### What to do
Exact copies of the lines below, from the one with "VR僵尸射击游戏《VAR》上架Steam 末日之下努力求生" up to and including the one with "Mini golf course", are what this calls for; leave out pictures.

### Provided data
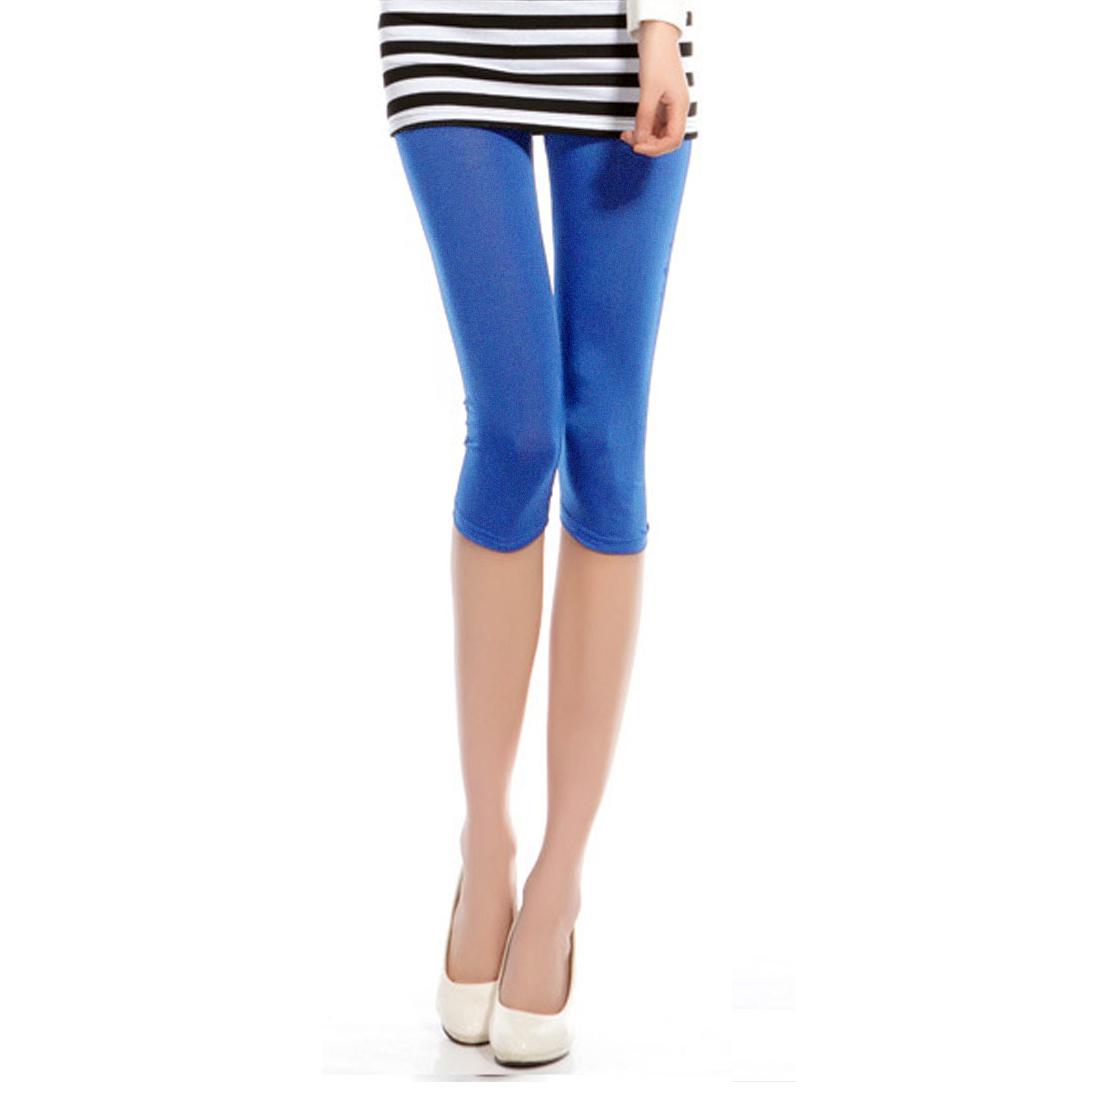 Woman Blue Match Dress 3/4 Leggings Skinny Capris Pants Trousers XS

...

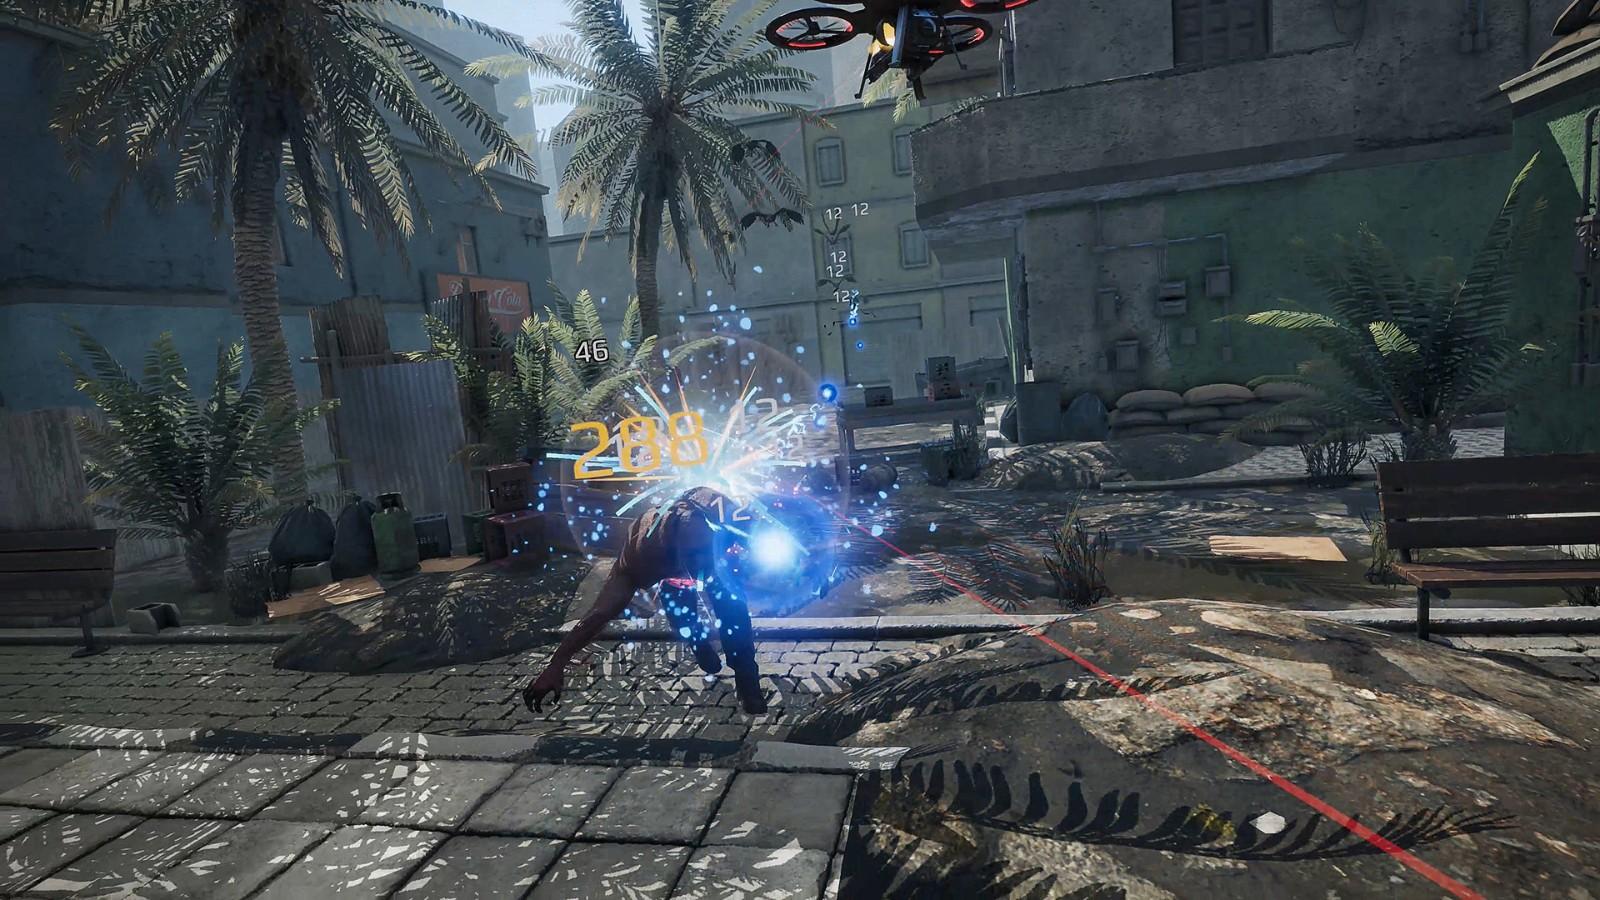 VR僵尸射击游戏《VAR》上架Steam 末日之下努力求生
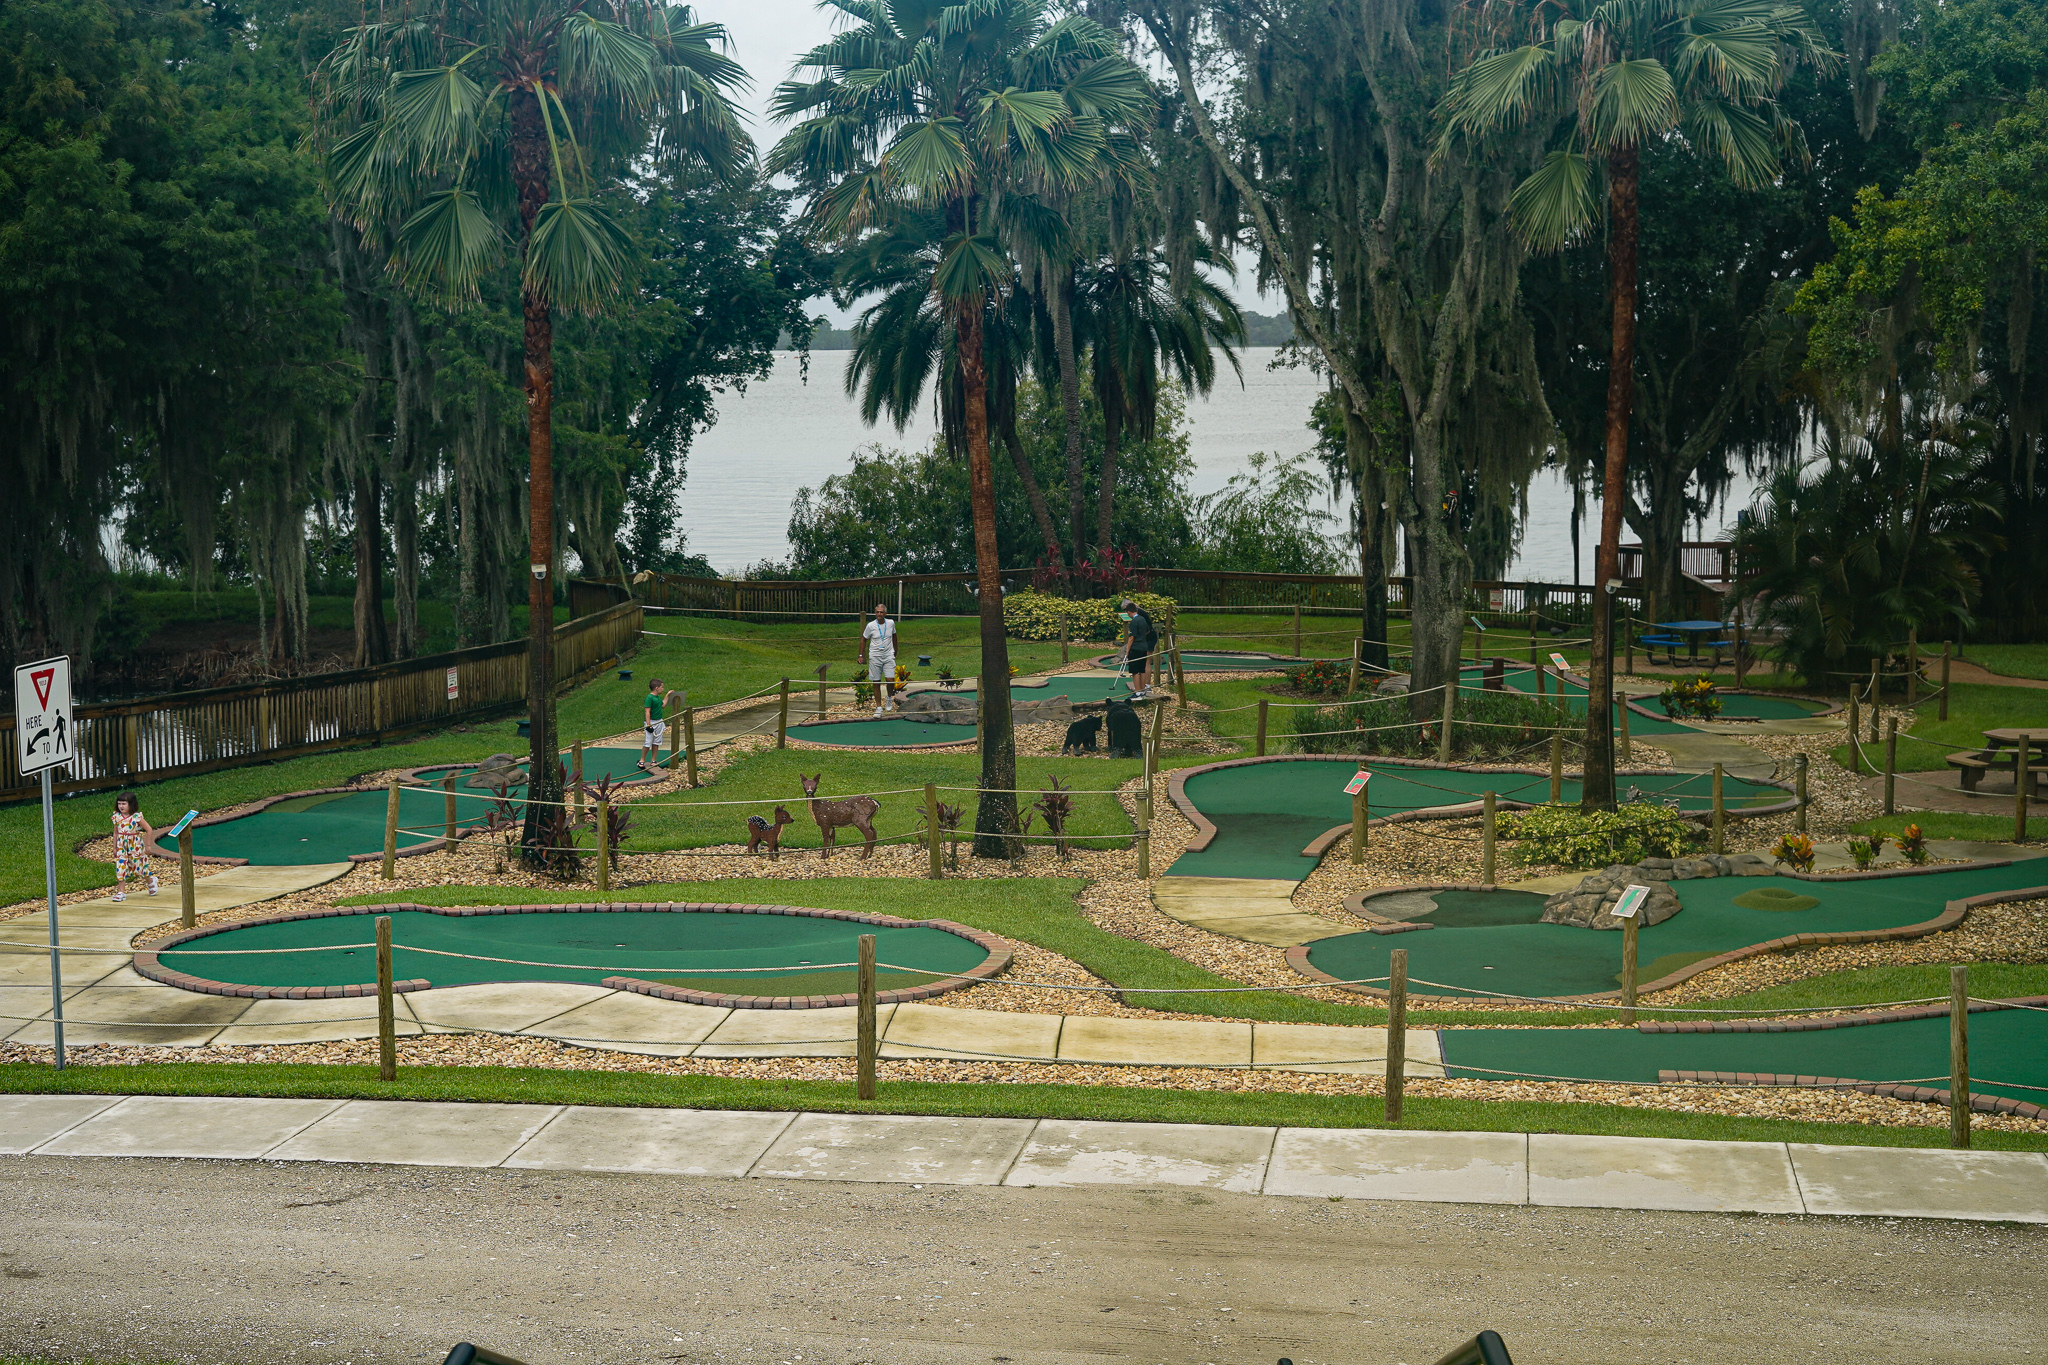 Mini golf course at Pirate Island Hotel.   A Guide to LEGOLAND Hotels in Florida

### Answer to the exercise
 VR僵尸射击游戏《VAR》上架Steam 末日之下努力求生
 Mini golf course at Pirate Island Hotel.   A Guide to LEGOLAND Hotels in Florida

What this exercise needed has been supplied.